L'esperienza a Barcellona fu il secondo capitolo importante della sua vita calcistica, un contesto in cui si calò come nessuno tanto è vero che lo definirono il miglior "non Catalano" che abbia mai vestito la divisa blaugrana. Rifiutata la soluzione Madrilista espressione del Franchismo da lui mai amato, fu protagonista di un impatto devastante, un titolo di Liga vinto dopo 14 anni di digiuno e una manita clamorosa proprio ai danni del Real Madrid, schiantato da una squadra diventata fenomenale.
Fu poi il primo calciatore ad attraversare l'oceano per giocare negli Stati Uniti, con le maglie di Los Angeles e Washington, sempre con contratti faraonici e prestazioni mai dimenticate che hanno fatto da apripista al football in un territorio dove a essere celebri erano ben altri sport. Prima di appendere le scarpe al chiodo fece in tempo a vincere ancora con la maglia del suo amato Ajax e del Feyenoord, oltre ad avere vestito in occasione del Mundialito del 1981 la maglia del Milan per una sola partita, torneo organizzato dal futuro Presidente del Milan Silvio Berlusconi.
Da allenatore ottenne discreti risultati con l'Ajax, ma quelli più importanti sono stati quelli sulla panchina del Barcellona, letteralmente trasformato dalla sua idea di calcio, solo uomini longilinei, veloci, di statura medio-bassa con tre punte che costringevano l'avversario a giocare con almeno 5 difensori. Il suo Barcellona aveva Laudrup, Romario e Stoichcov davanti, con Pep Guardiola in regia e Koeman baluardo offensivo, squadra che vinse la prima coppa dei campioni del club nel 1992 contro la Sampdoria di Vialli e Mancini. Un litigio tra Johan e il suo presidente ci impedì di assistere ad una squadra stellare perchè erano in procinto di arrivare chiesti proprio dal genio Olandese, sia Zidane che Giggs, per esprimere quel calcio che solo lui vedeva, vicino se vogliamo al famoso Brasile dei 5 numeri 10 della famosa edizione dei Mondiali del 1970.

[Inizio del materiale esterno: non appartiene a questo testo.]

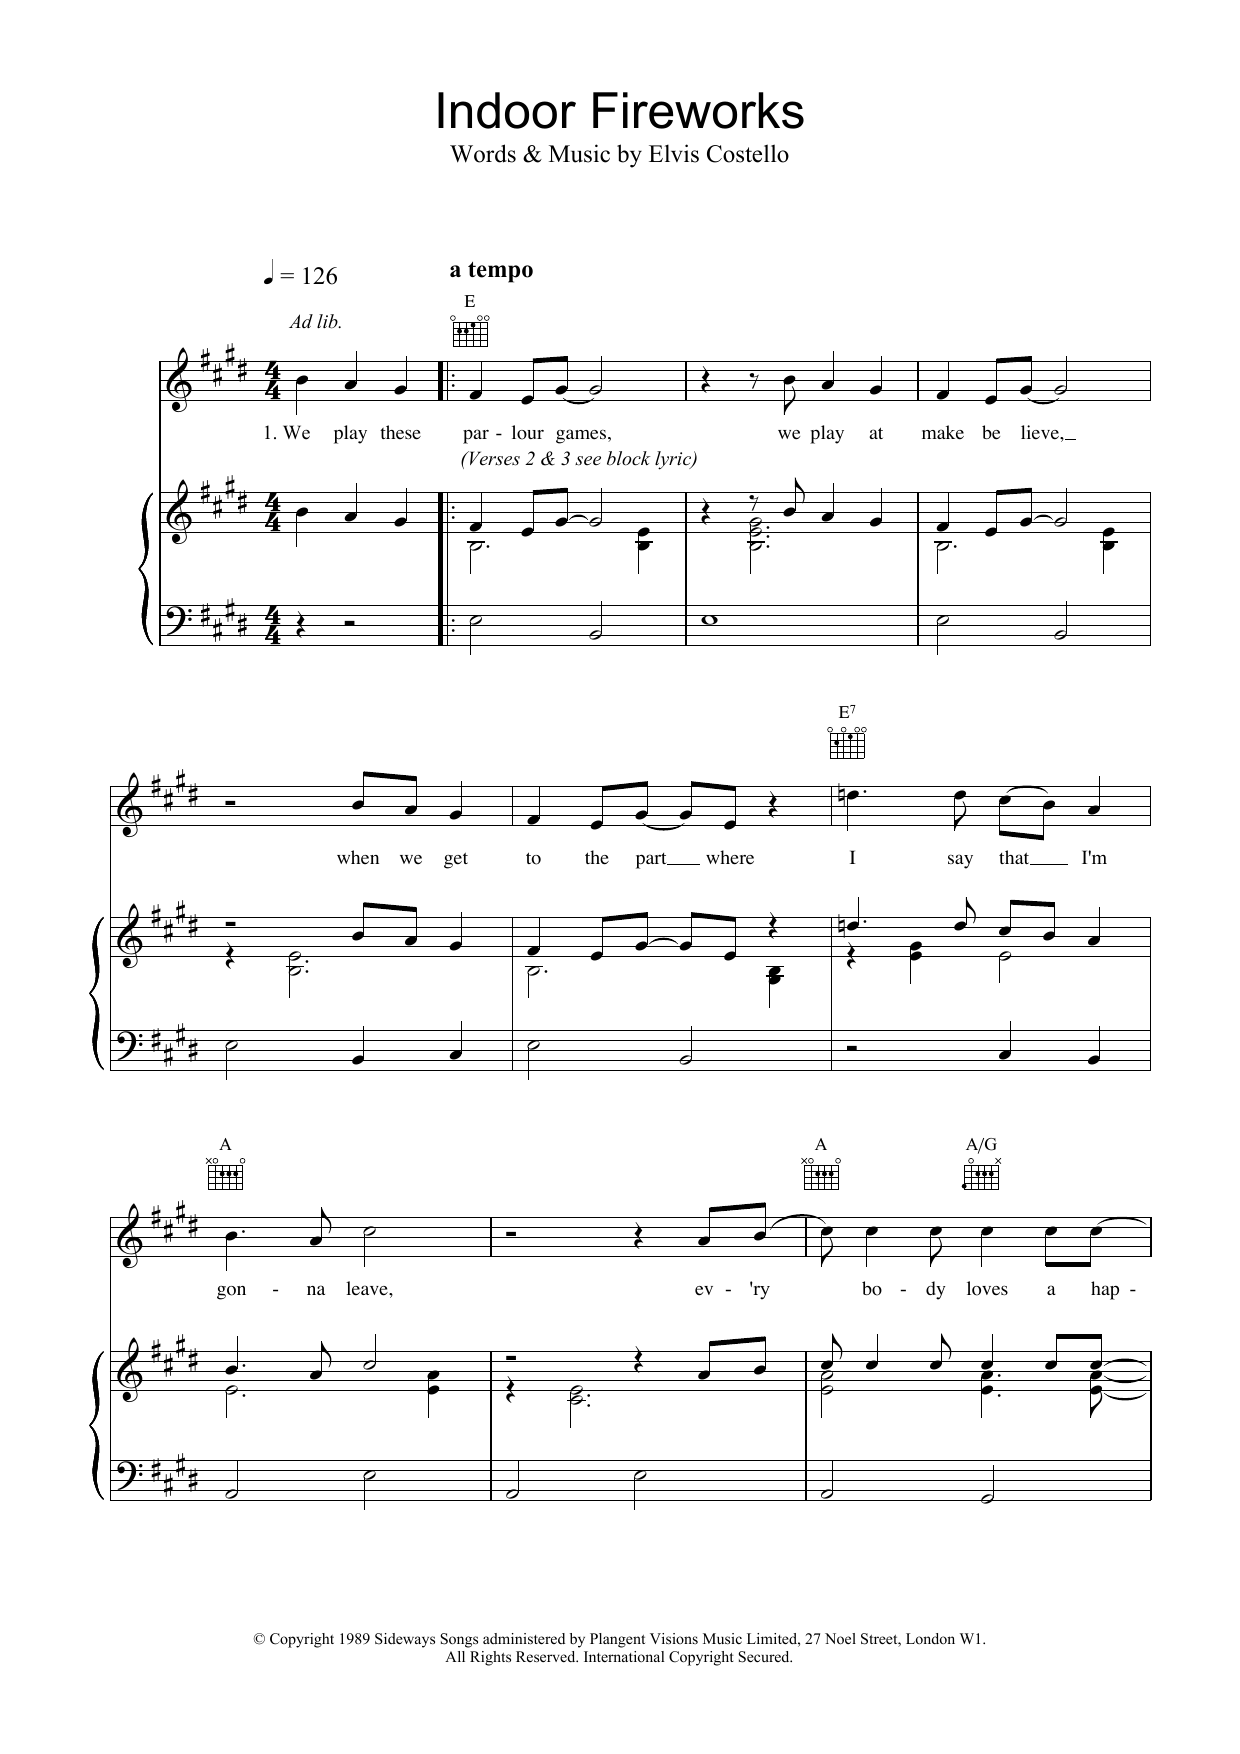 Elvis Costello Indoor Fireworks sheet music notes printable PDF score
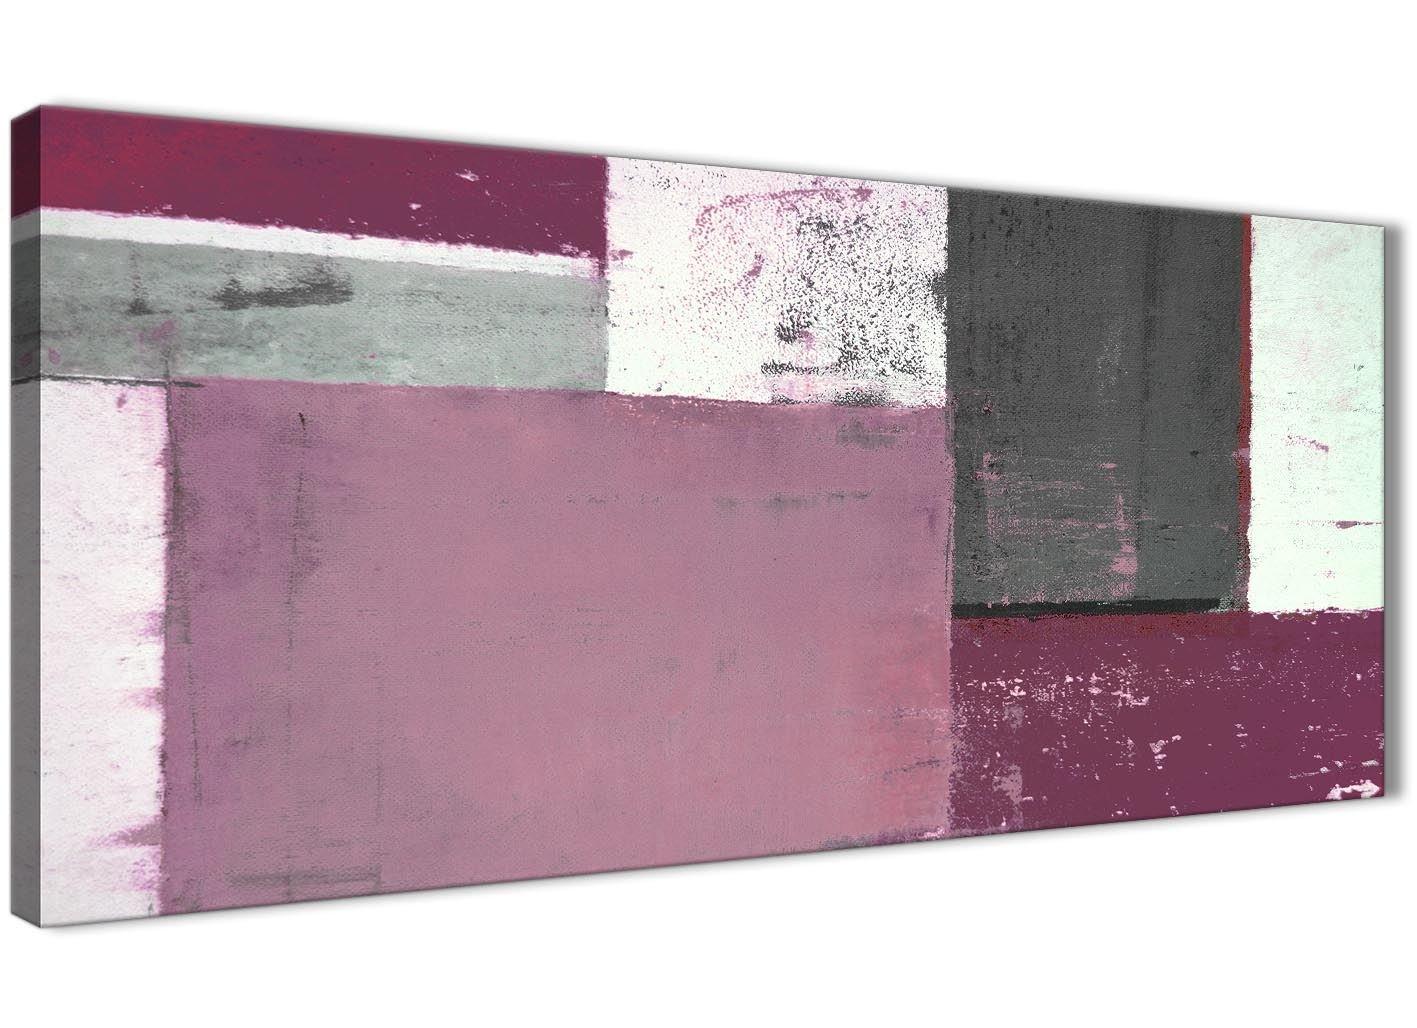 Color Prugna Per Pareti : Grigio prugna dipinto astratto tela da parete moderno largo 120 cm

Pep Guardiola, quello che si è preso la scena in questi anni, non è altro che un allievo di Crujiff, da lui ha capito come diventare un campione e come mettere in campo una squadra vincente, perchè nel calcio come spesso ripeteva, vince chi occupa più spazio, chi gioca in maniera semplice ed è proprio la semplicità la difficoltà maggiore nel praticare questo sport.
Ci mancherà molto, personaggi come lui hanno fatto la storia del calcio e ogni volta che scorrono le immagini di repertorio delle sue giocate è come leggere una poesia, ci si emoziona, si torna a respirare il lato più bello di uno sport sempre meno legato ai sentimenti e sempre più al business e da oggi non posso negare che qualche lacrima scende spontanea, grazie di tutto johan non ti scorderemo mai, quelli come te sono immortali nella memoria collettiva.